DELIVERABLE: Before actually training a policy, what do you think will be the most important rewards to tune when training Pupper to walk forwards? What about making Pupper walk stably? Could these two factors have a combined effect and interfere? Write a few sentences in your lab document.

In addition, take a look at the implementation of the reward function in lines 488 to 490. Explain the implementation here in words and how the rewards dict that you edited above transfers to the actual reward.

Step 3. Velocity tracking

Let’s implement a naive reward function for Pupper velocity tracking

  • In the Reward Configuration section, change the tracking_lin_vel and tracking_ang_vel values to some nonzero values to get Pupper to follow a velocity command. In practice, the linear velocity tracking coefficient should be around double the angular velocity tracking

  • Run entire notebook, which loads in all the training and mjx configs, initializes Pupper in a flat environment, and trains Pupper to follow a desired velocity

  • Pupper should take around ~20 minutes to train.

DELIVERABLE: We use an exponential tracking function for Pupper to track a desired velocity. The plot below shows how the reward value depends on the x-axis velocity of the robot when the desired x-axis velocity is 1.0m/s.

../../../_images/forward_velocity_command.png

Exponential Tracking Function for Velocity

Since Pupper needs to maximize this function, should the reward coefficient be positive or negative, according to Nathan’s implementation? How else could you implement a velocity tracking function? Write it down in math.

DELIVERABLE: Visualize Pupper’s progress during training. How does Pupper look in the first 20 million env steps? How does it look after 200 million env steps?

You can access training videos in the training progress folder as shown below:

../../../_images/access_train_progress.png

Training videos are saved in the training_progress folder.

Screen recording of walking in simulation. In the video, you can see Pupper learning to bend low, stand up, and walk in different directions - forward, backward, left, right, and turning both clockwise and counter-clockwise.

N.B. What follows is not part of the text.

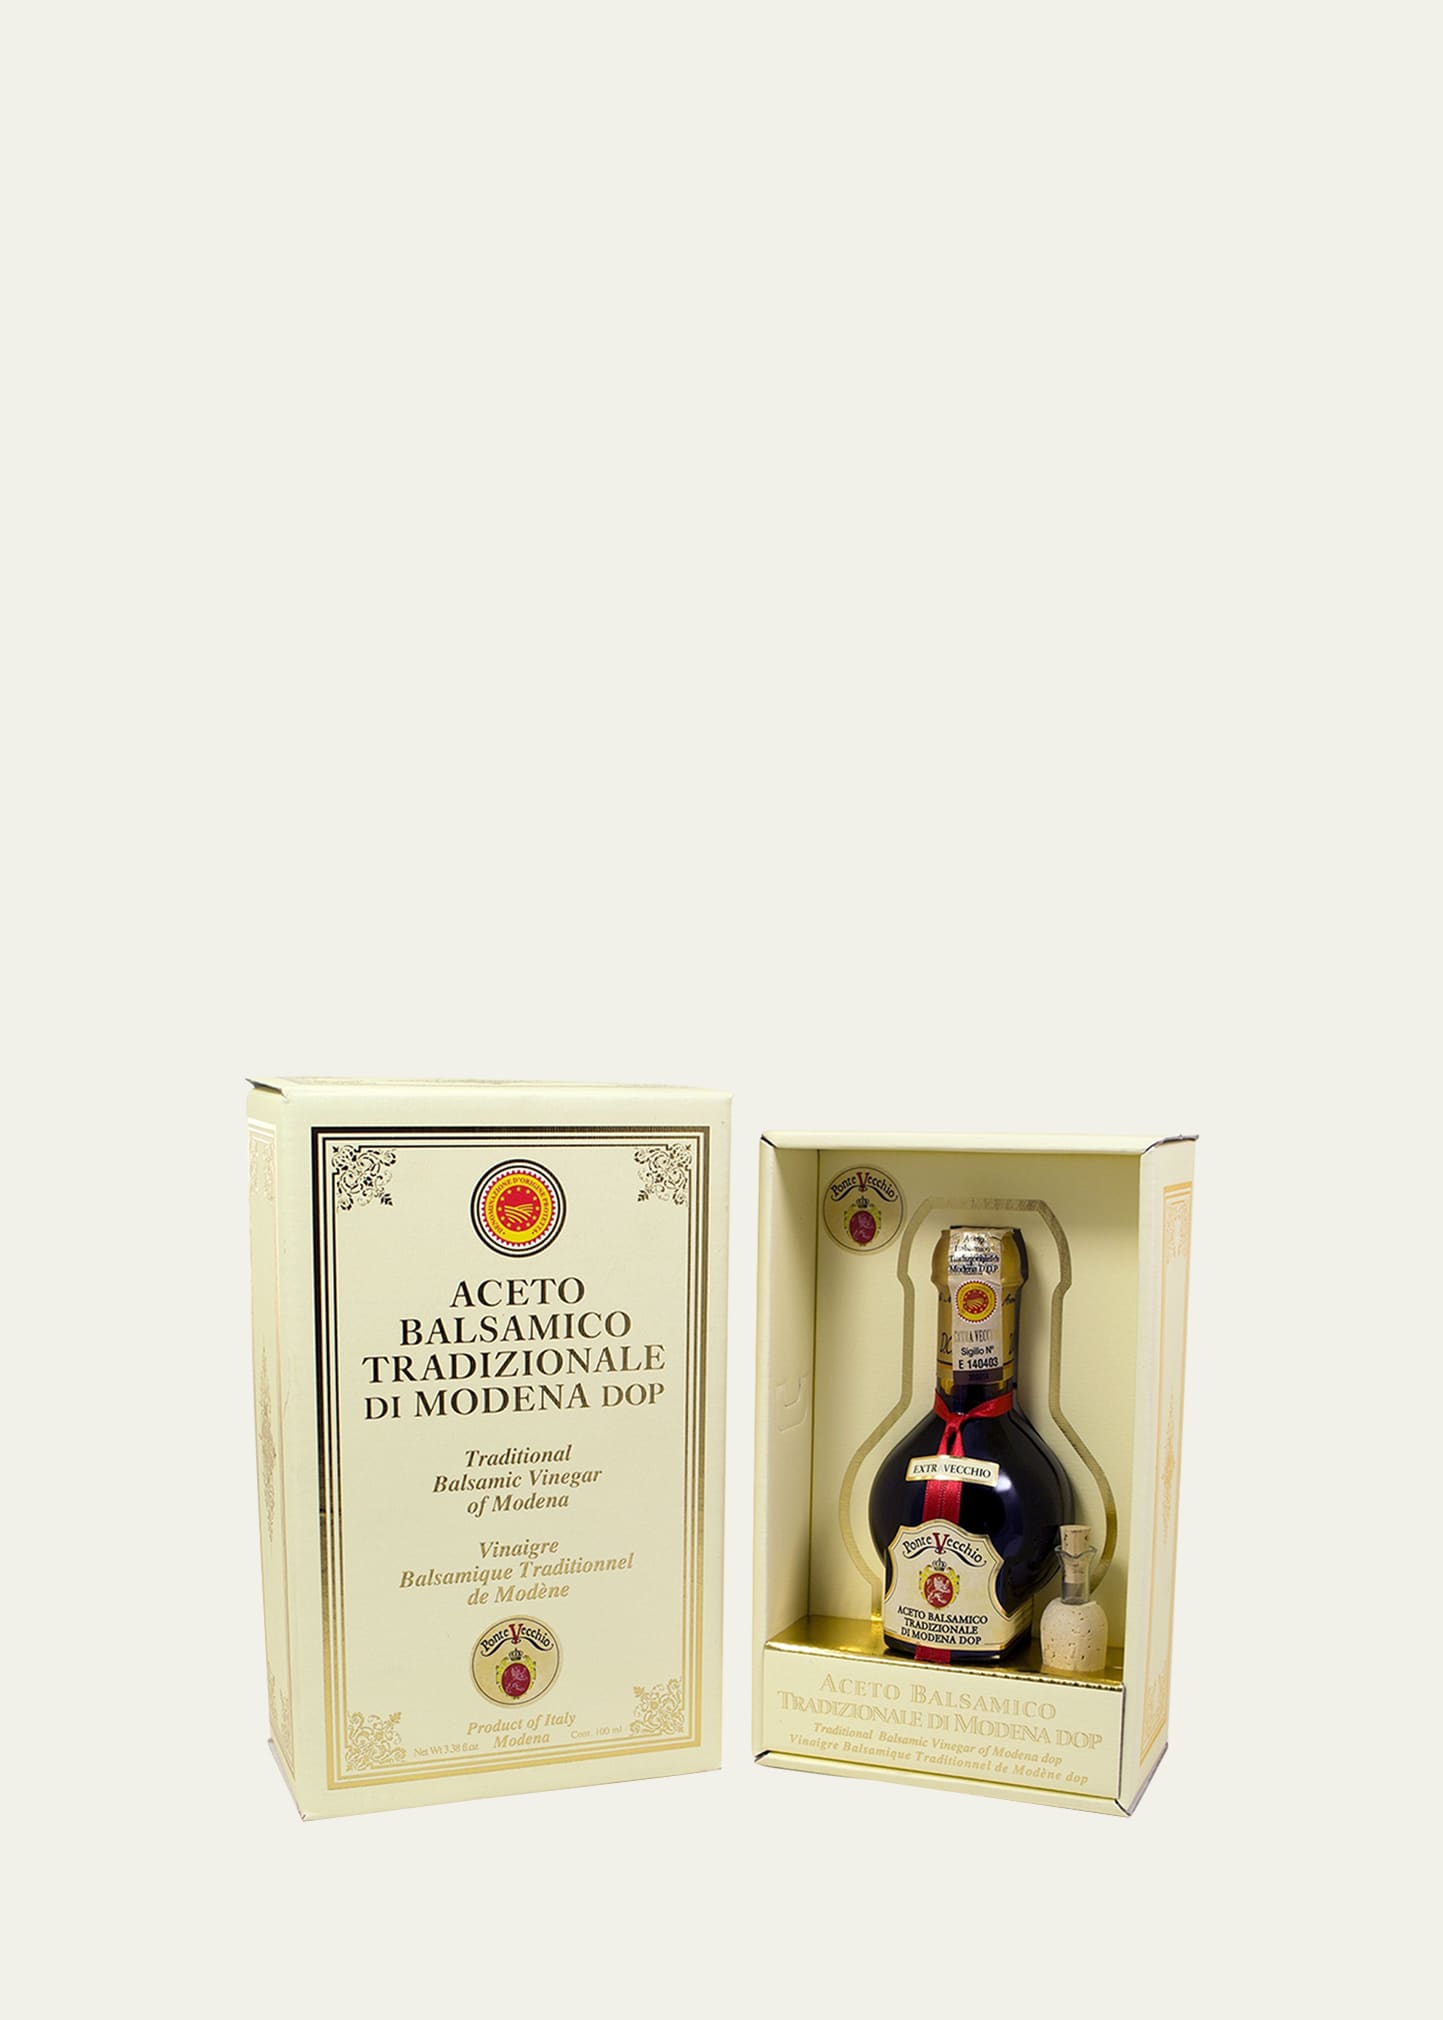 25 Years Aged Balsamic Vinegar of Modena DOP

../../../_images/random_walk.gif

Earlier in training, Pupper will move seemingly randomly

../../../_images/loss_pup.png

During training, your reward should be going up steadily and eventually plateau

../../../_images/crazy_walk.gif

As you may be able to tell, just because Pupper has velocity tracking reward doesn’t mean it will perfectly follow the desired speed. To learn natural gaits, auxiliary rewards are needed. Next, you will implement a function to encourage Pupper to walk more efficiently.

Step 4. Effort Conservation

  • Edit the Reward Configuration section to tune a reward function that helps Pupper conserve effort.

  • When tuning the reward function, think about which reward coefficients should be nonzero to encourage Pupper conserve energy. Should the coefficients be positive or negative?

  • Rerun the entire notebook to initialize Pupper in a flat environment and train Pupper to walk forward more efficiently.

  • Pupper should take around ~20 minutes to train.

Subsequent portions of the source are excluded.